Timidités

Timidités

Publié par Naomi Melville

Journal du projet

Avec M. Annerose, l’enseignant de la classe de CM1-CM2 et directeur de l’école Renaud David, nous avons décidé d’introduire le projet dans le programme scolaire, et réciproquement. Ma résidence a commencé sous le signe de l’écriture : en arrivant, j’étais très prolixe et les mots m’aidaient à trouver un ancrage. Mi-avril, cela a été au tour des élèves de se mettre à la tâche.

J’ai commencé par leur présenter des textes de deux poètes que j’affectionne particulièrement : Léon Gontran-Damas, guyanais, et, pour nous délocaliser davantage, Amelia Rosselli, une auteure italienne qui démantibule ses phrases et mêle ses mots très librement. Nous avons lu à voix haute, compris le rôle de la répétition, que celle-ci, bien utilisée, n’était pas forcément synonyme de mal écrire, et nous avons d’ailleurs travaillé sur ce point.

En travaillant en groupe, à voix haute encore, nous avons obtenu des résultats très satisfaisants, voire surprenants. Chacun rebondissait sur les vers de l’autre et certains se découvraient un don d’orateur.

 

C’est folichon
ce casse-tête
mais quel torchon
cet objet ludique.
Ton jouet
n’est que fouillis
n’est que malheur
Je vocifère
je perds les yeux
je n’ai que faire
d’un cafouilleux

 

En classe, avec et sans moi, et à l’initiative de M. Annerose, les enfants ont développé des contes, toujours sur les mêmes objets ramenés début avril. Nous nous sommes ensuite filmés et enregistrés en train de les rejouer, seuls ou à plusieurs. Certains élèves habituellement timides n’avaient alors aucune gêne, d’autres, plutôt frimeurs, riaient nerveusement devant la caméra. Outils en main – je leur ai finalement tout laissé gérer -, ils ont réalisé une petite vidéo compilant ces histoires, ainsi que plusieurs affiches.

 

Ce casse-tête aux couleurs de l’arc-en-ciel
et plus beau qu’une sirène
séparé par des fentes
qui évoquent des rotations
comme une toupie
munie de coins
avec une forme géométrique.

 

 

En relisant cet article, je m’aperçois que j’ai oublié de parler du rapport qu’entretiennent les enfants au créole. Le créole guadeloupéen n’est pas reconnu comme une langue à part entière (et il me semble que le seul qui le soit est le créole haïtien). Ainsi, il garde une forme principalement orale, et n’est enseigné en tant que dialecte, et étudié, qu’à partir du collège, voire du lycée. De plus, tous les créoles s’écrivent de façon presque phonétique. Un créole bien écrit retranscrit au plus près les sonorités qu’il produit.
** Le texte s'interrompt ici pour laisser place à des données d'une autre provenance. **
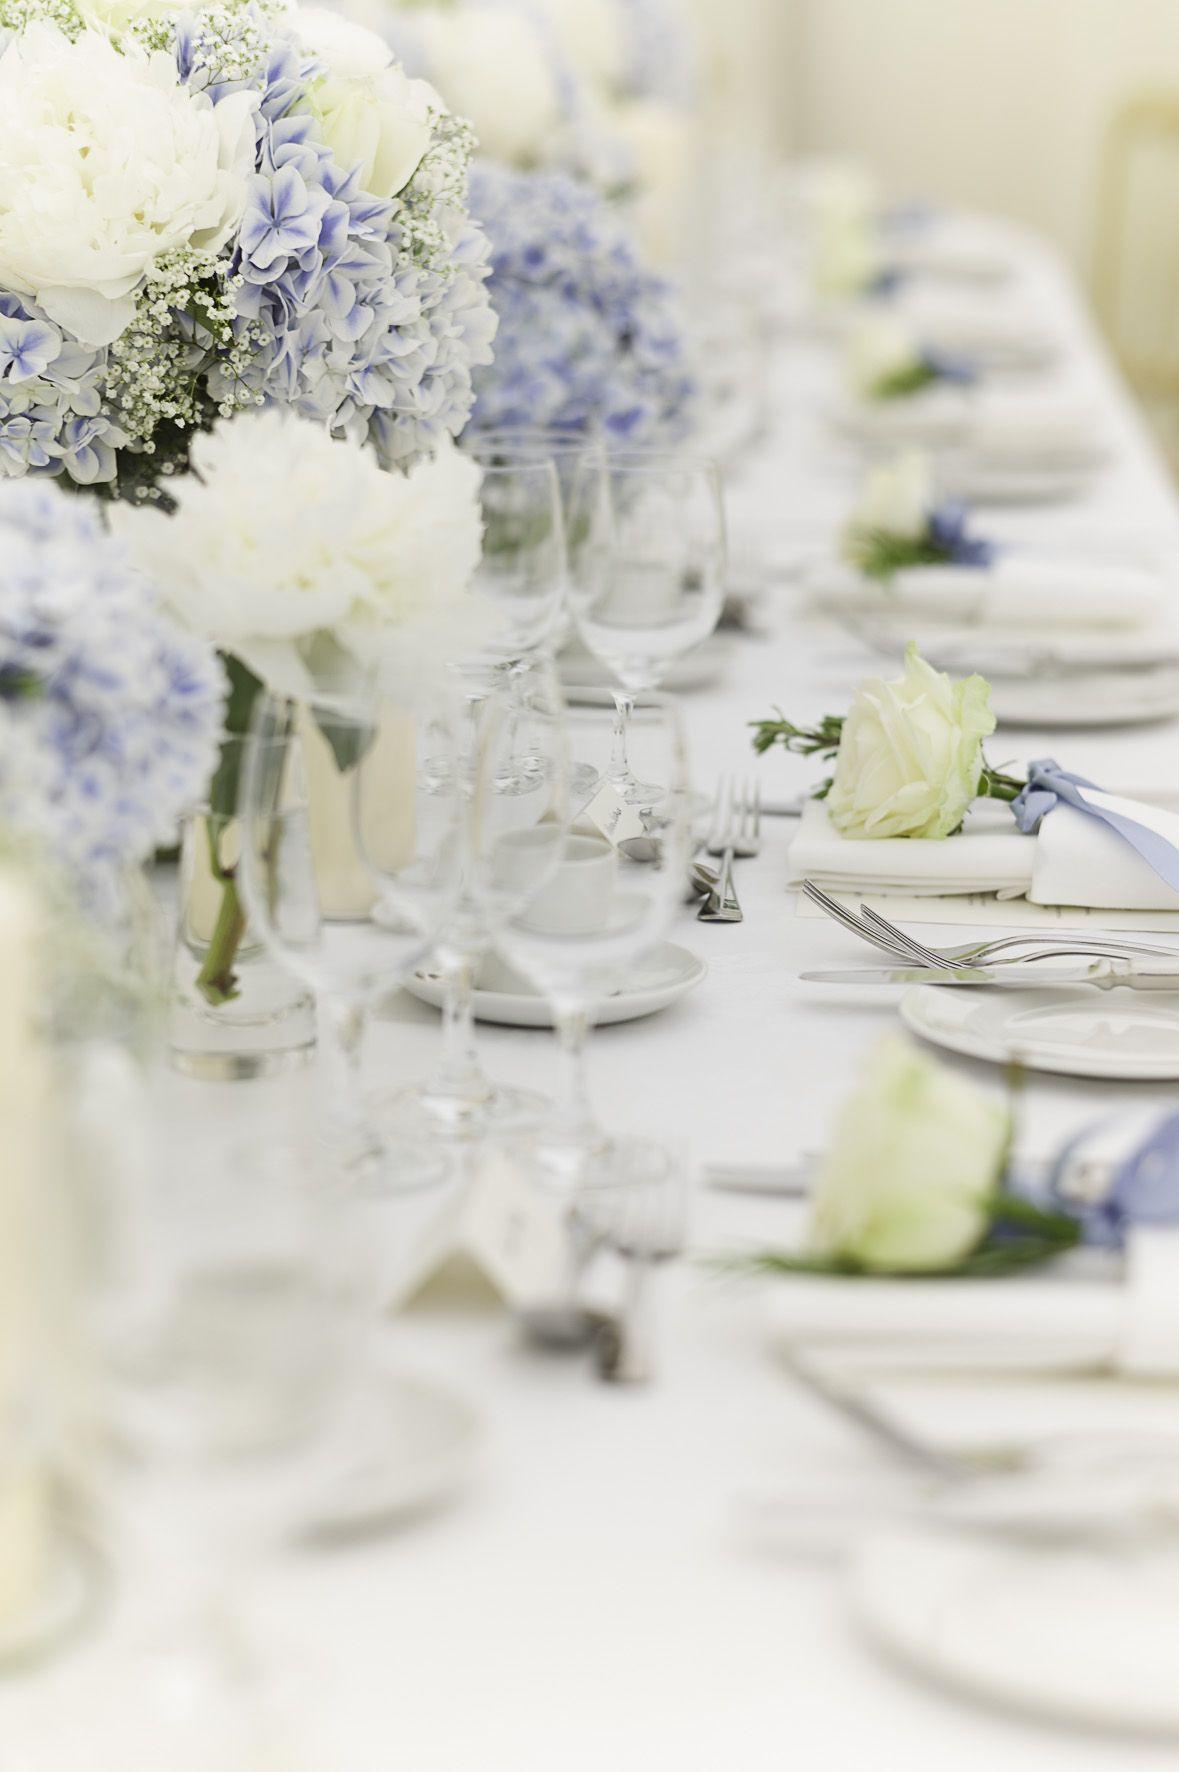 Tischdeko in wei und flieder perfekt f r eine fr hlingshochzeit hochzeitsdekoration - Brautpaar tischdeko ...

Ce n’est donc pas des fautes d’orthographe, qui pourraient paraître nombreuses, que font les enfants de la classe où j’interviens, mais des incursions dans le créole, avec l’envie de l’intégrer à ce qu’ils racontent. Leur rapport à ce dernier est d’ailleurs assez conflictuel, mais cela mériterait un article complet.

Durant mes derniers jours de présence à l’école, j’ai réalisé un essai de pièce sonore. Je voulais enregistrer les enfants en train de m’apprendre à parler créole, ce qu’ils ont jugé (avec raison) nécessaire à mon intégration, et juxtaposer ces enregistrements avec des lectures qu’ils feraient de textes plus théoriques, introduisant également à l’apprentissage du créole. J’ai apporté avec moi quelques textes linguistiques, comportant des passages compréhensibles pour des enfants de cet âge, retraçant une théorie de l’émergence des langues créoles. J’avais demandé à quatre des élèves, dont je suis particulièrement proche, de les lire à voix haute avec moi. Ils se sont insurgés contre le fait que ces textes étaient en français, alors qu’au vu de leur destination, ils devraient être traduits en créole. Ils m’ont alors proposé un essai de traduction sur le vif, que j’ai enregistré et monté par la suite. J’ai été fière de ce genre d’intervention, de la confiance qu’ils m’ont accordée ce jour-là, de la pertinence de leur engagement.